2. The affordable house law mentioned in this article is imposed on municipalities to prevent them from engaging in the kind of development approval process that has caused so much trouble in the state. In order to attract new development (i.e., ratables) while minimizing the local costs associated with it (in the form of infrastructure, schools, etc.), towns in New Jersey have had a huge incentive to approve office, retail and warehouse development while rejecting any residential development. The result is that the places where people live are usually far away (even outside the state) from where they work and shop, so the result has been an enormous traffic problem that has gotten worse over the years. The new affordable housing rules are seen as a way to prevent this kind of nonsense in the future.
The state where I was born and raised(NJ) and still reside in has become a cesspool of corrupt mobsters and thugs posing as politicians and businessmen. When I was younger the state thrived, we had commerce, low tax burden, steady and broad growth and now after a couple decades - it’s all turned to crap spiraling down the toilet.
The last governor that was worth a red-cent was Tom Kean and since his administration ended, we’ve been flooded with tax & spend liberals. Even Christine “Whitless” Whitman(R) drove the state farther down the drain.
I must be getting old because I catch myself longing for “the good old days”.
Up here in New Hampshire, we are having the same problem with Massholes!
Liberals are like a plague of locusts. They swarm a state, plunder and strip it bare, then move on to the next state.

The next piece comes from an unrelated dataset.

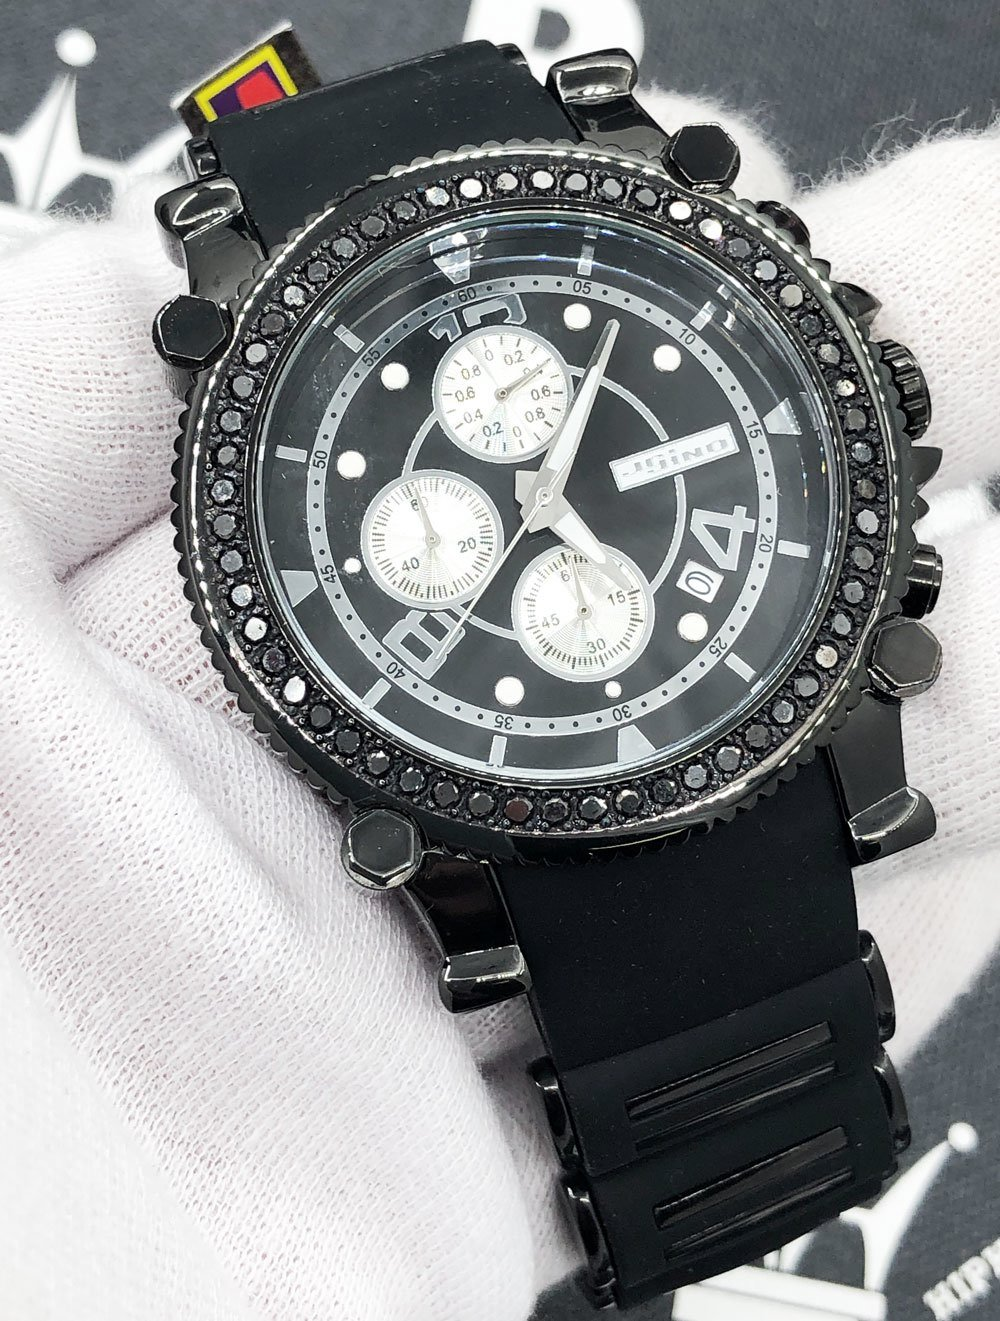 Rubber Strap 2.25 Carat Black Diamond Hip Hop Watch JoJino

NJ Can’t touch us here in Michigan, where the Dems
have driven this state into the ground, but where
they will be voted right back into office by the
unions and leeches.
If an election was held today in Detroit,
Kwame would be re-elected.
Look on the bright side all the Workmen’s Comps go to the
state of Georgia!
I live in PA and my idea of border control is to close all the bridges on the Delaware.
Observation: Seems wherever Democrats gain in leadership roles, the State, the people lose. Same with the Fed. Across the board the Dems seemingly are in lockstep to economically ruin this Nation, State by State.